(Work instruction):
Every line below should be set down exactly as it appears.

(Given data):
·····
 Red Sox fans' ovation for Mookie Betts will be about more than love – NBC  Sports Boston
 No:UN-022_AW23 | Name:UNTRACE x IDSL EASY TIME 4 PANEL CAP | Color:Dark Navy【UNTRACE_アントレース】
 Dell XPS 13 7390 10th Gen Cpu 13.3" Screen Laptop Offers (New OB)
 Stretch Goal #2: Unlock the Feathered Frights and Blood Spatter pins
·····
(Result of this task):
 Red Sox fans' ovation for Mookie Betts will be about more than love – NBC  Sports Boston
 No:UN-022_AW23 | Name:UNTRACE x IDSL EASY TIME 4 PANEL CAP | Color:Dark Navy【UNTRACE_アントレース】
 Dell XPS 13 7390 10th Gen Cpu 13.3" Screen Laptop Offers (New OB)
 Stretch Goal #2: Unlock the Feathered Frights and Blood Spatter pins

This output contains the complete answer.